**Directions**
From the material below, please set down exactly the lines starting with the one with "Trädgård i torslanda: agastache" and going on through the one with "Netgear X4 range extender", without a single picture.

**Records shown**

# # # # # # #

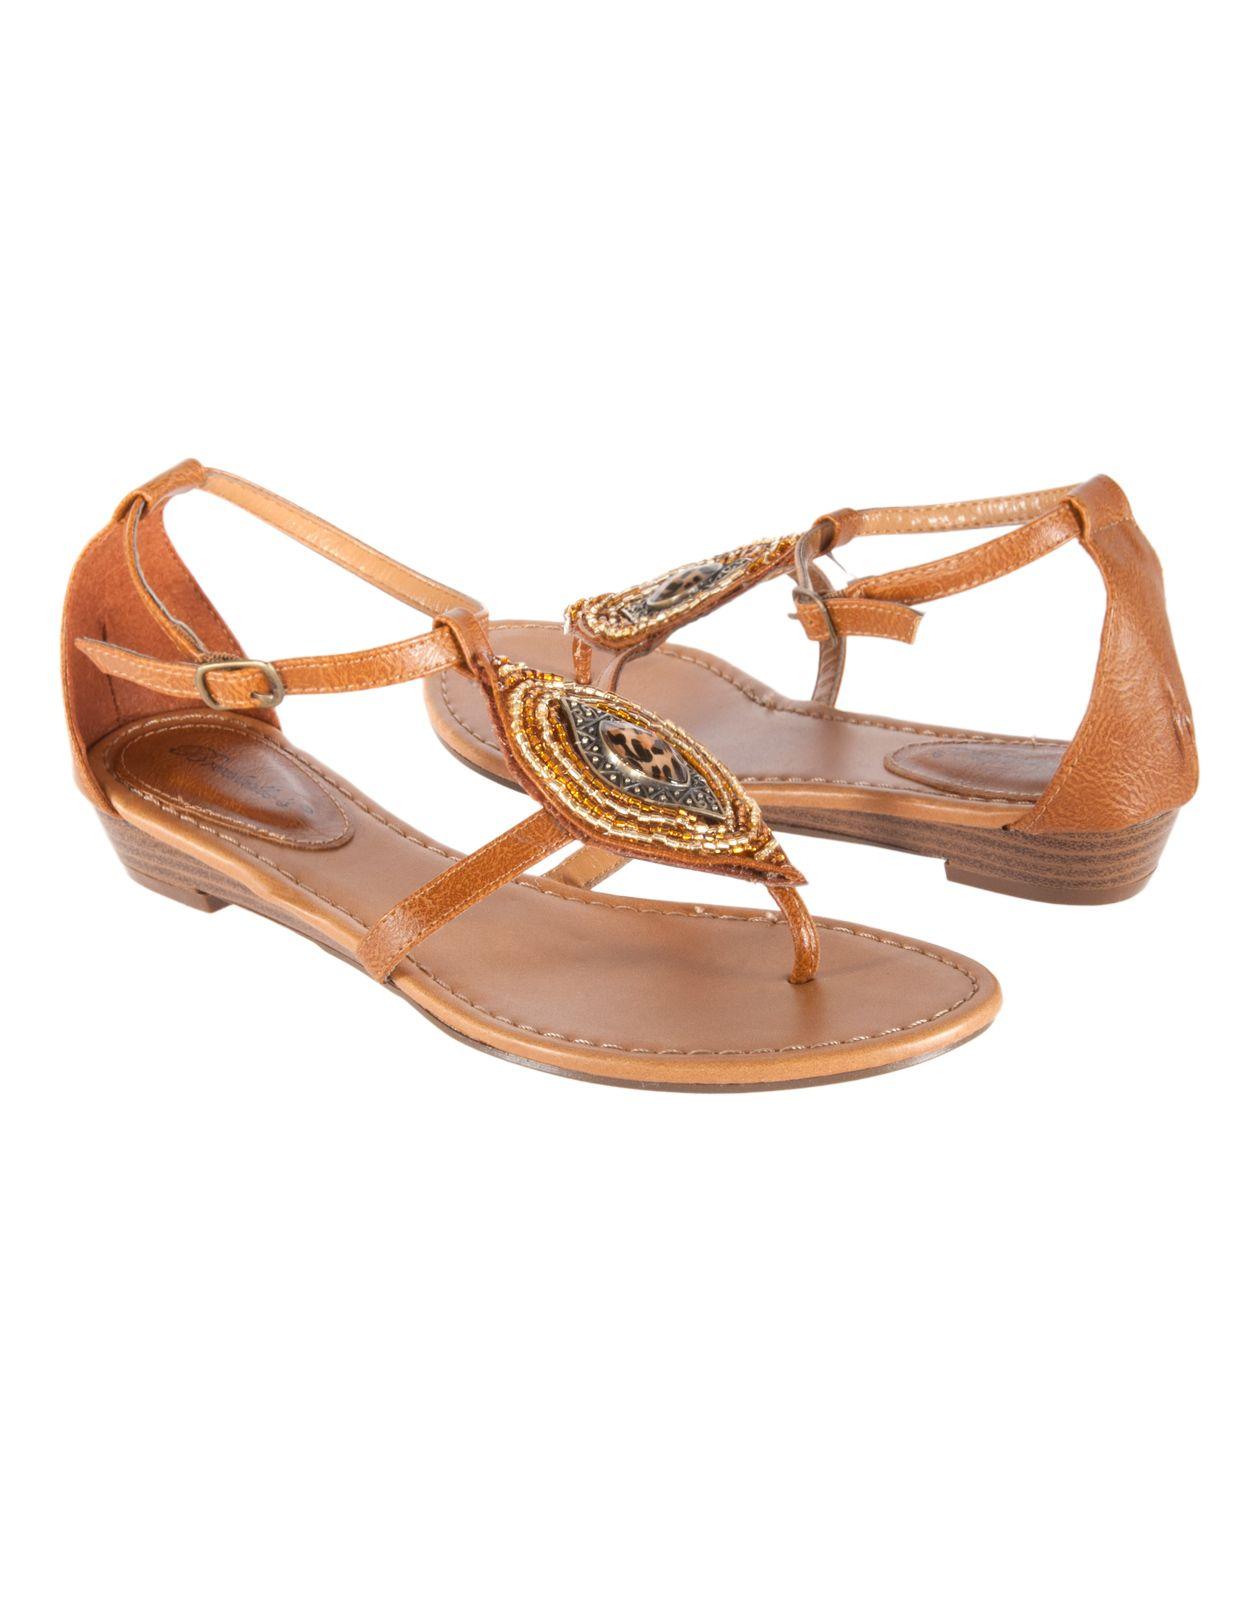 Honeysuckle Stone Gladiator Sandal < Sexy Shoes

# # # # # # #

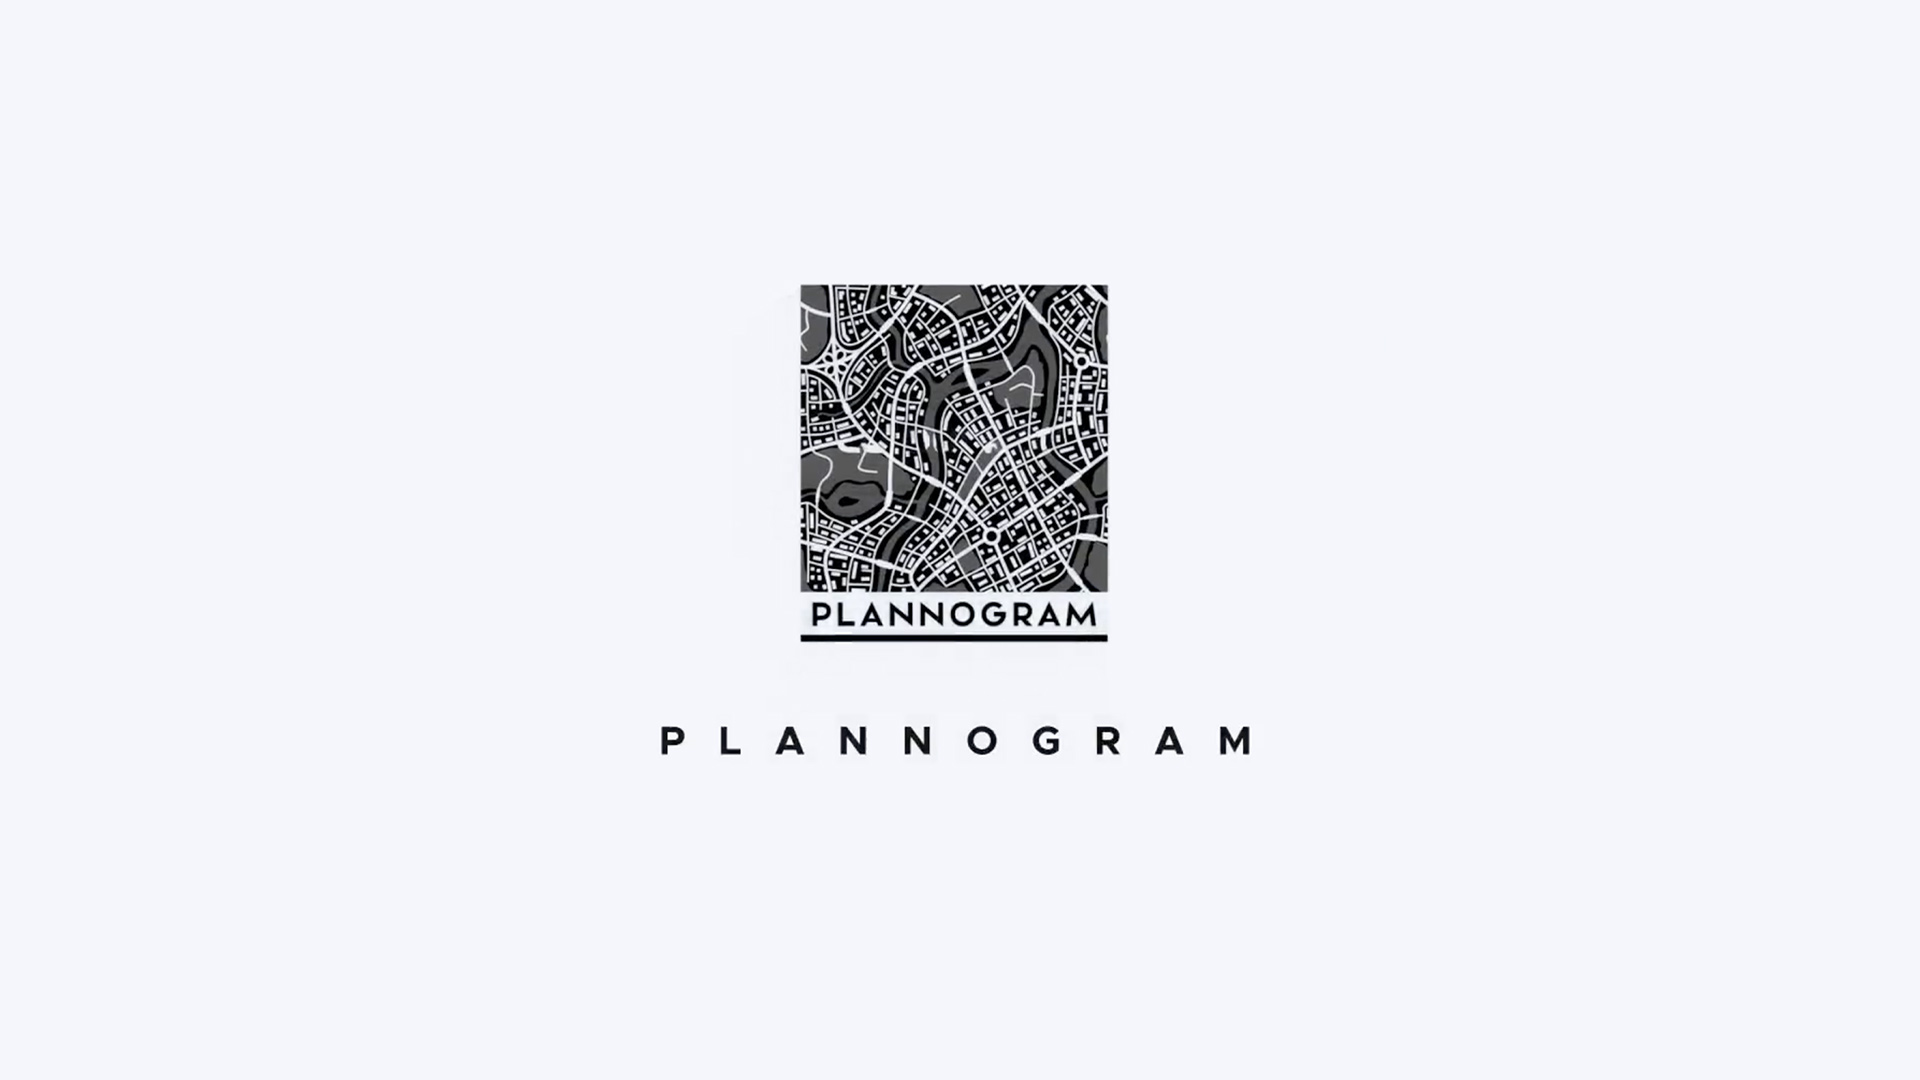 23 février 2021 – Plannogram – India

# # # # # # #

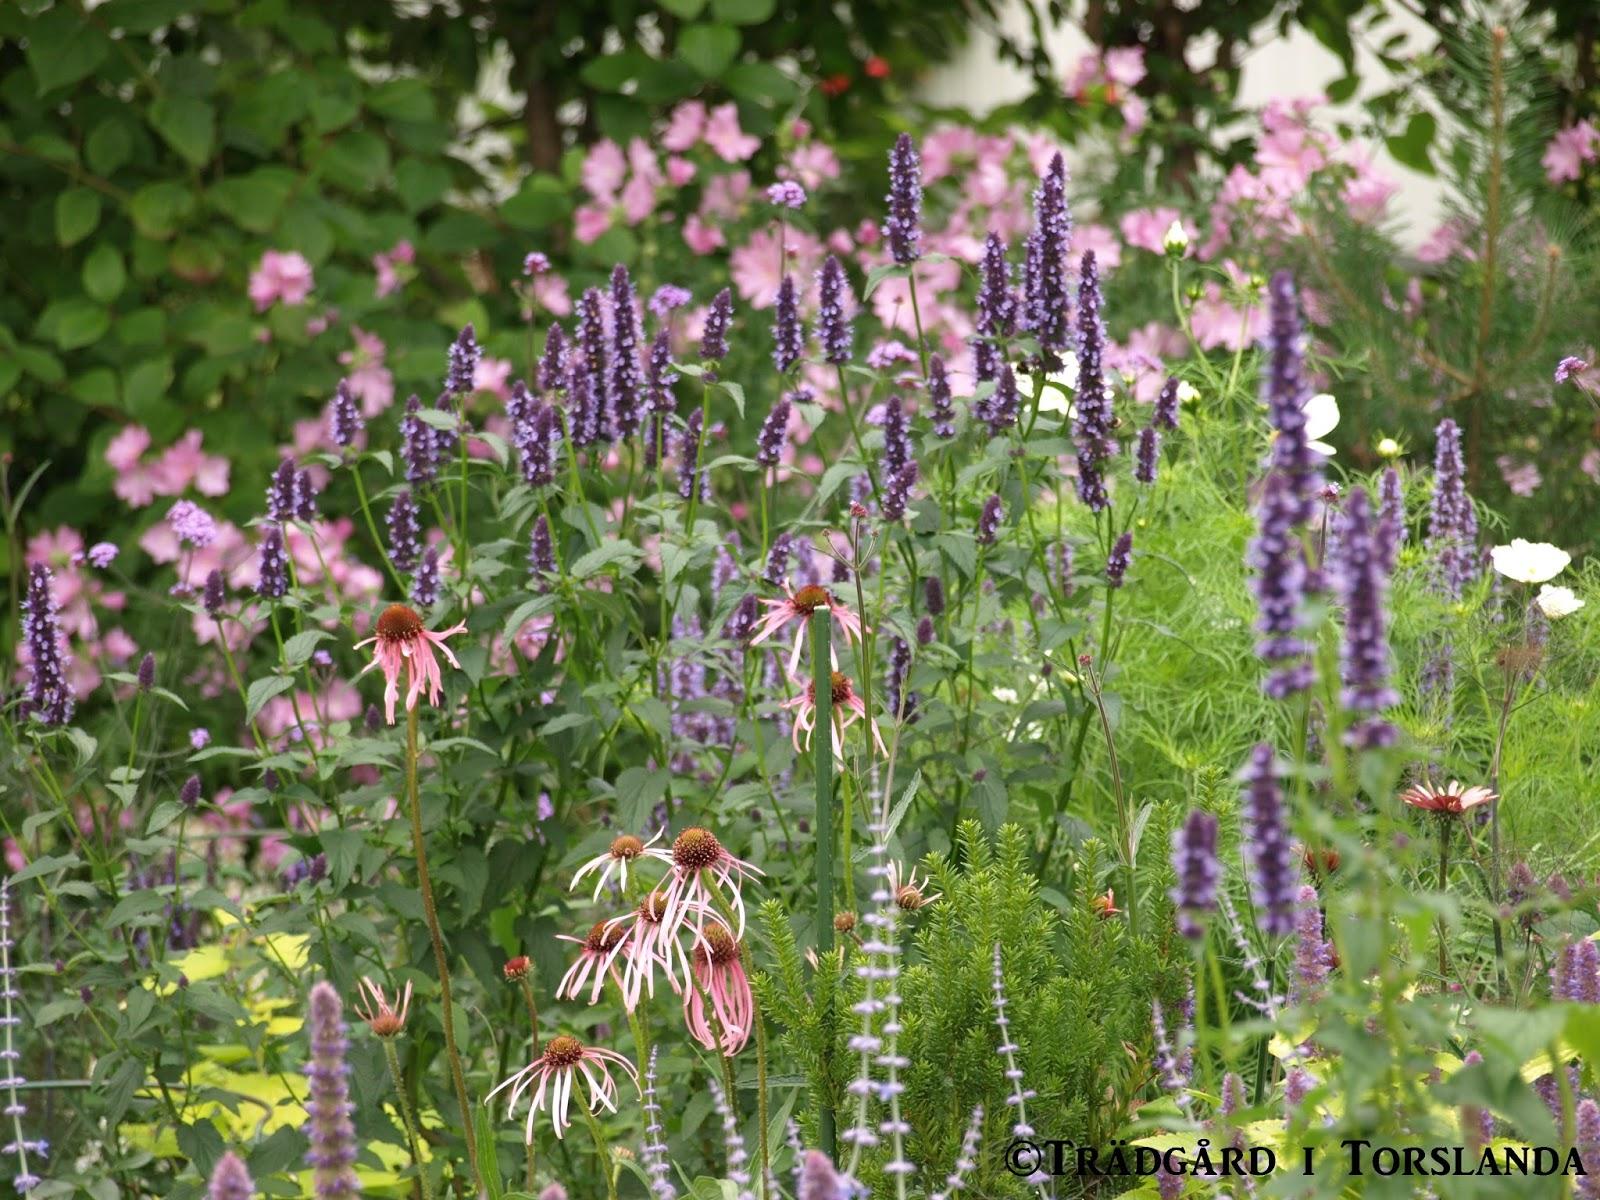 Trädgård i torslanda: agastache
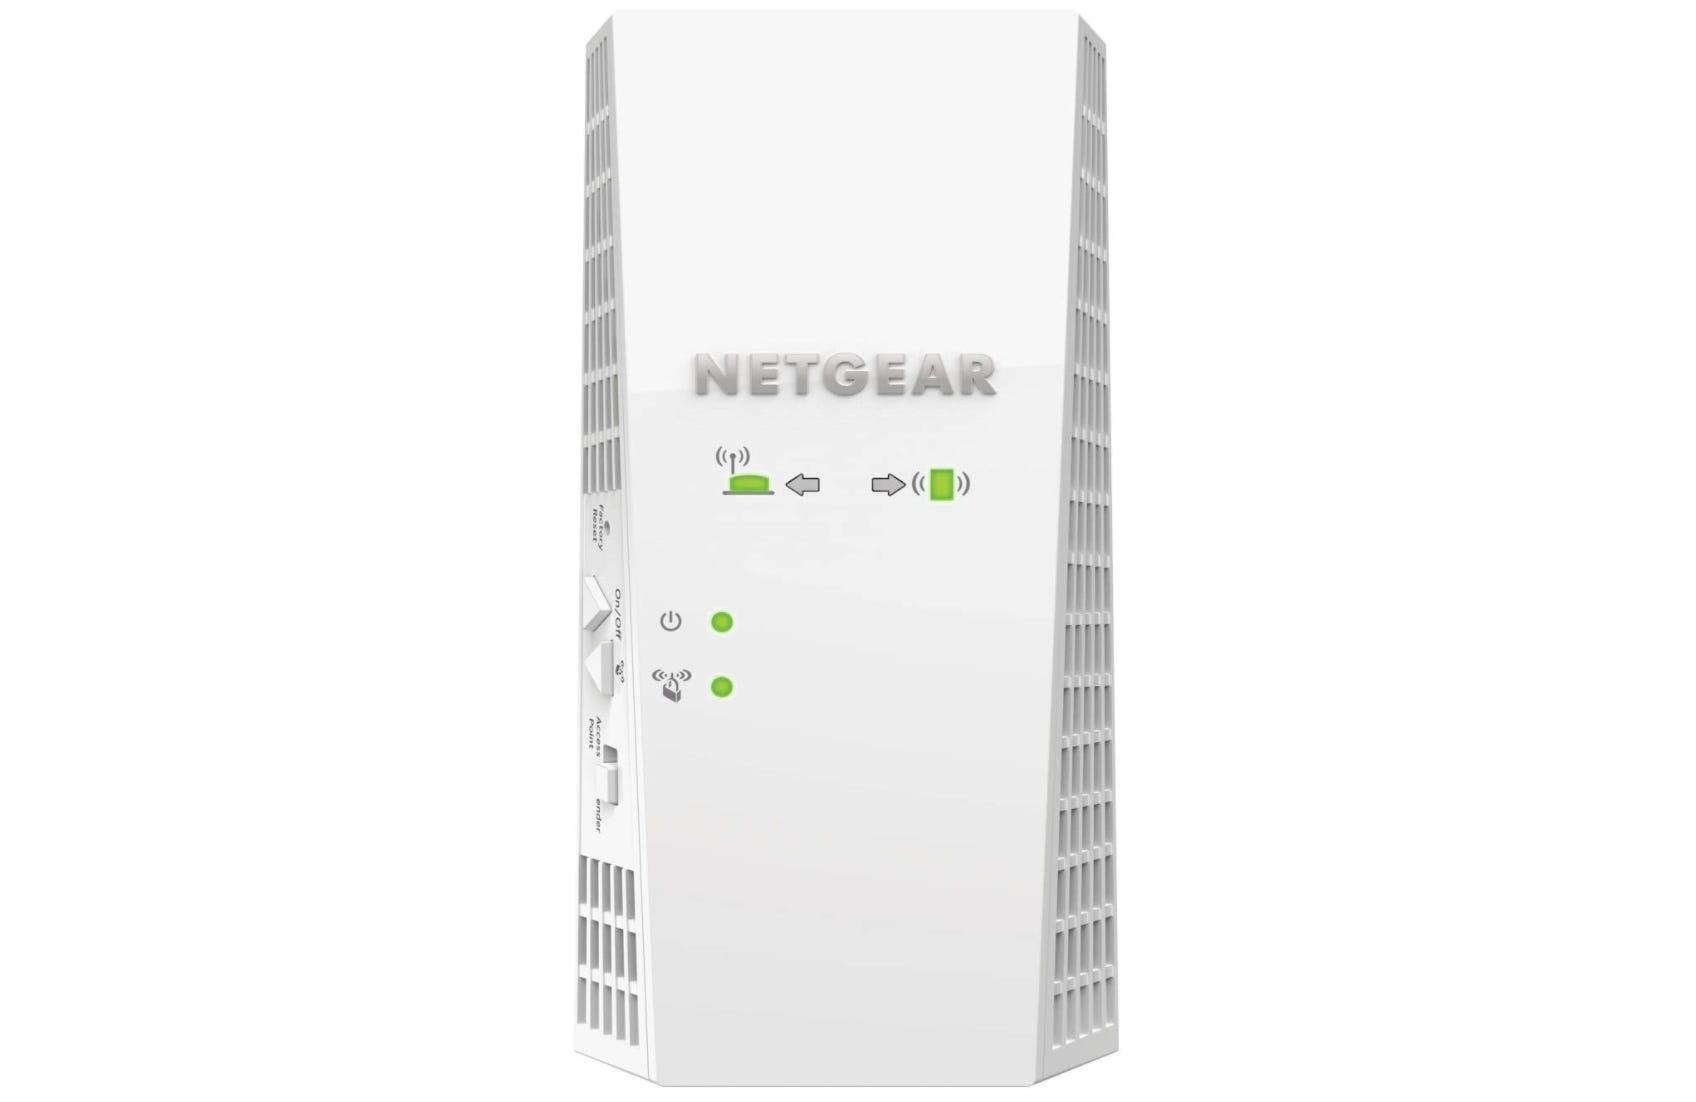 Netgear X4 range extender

# # # # # # #

**Task result**
 Trädgård i torslanda: agastache
 Netgear X4 range extender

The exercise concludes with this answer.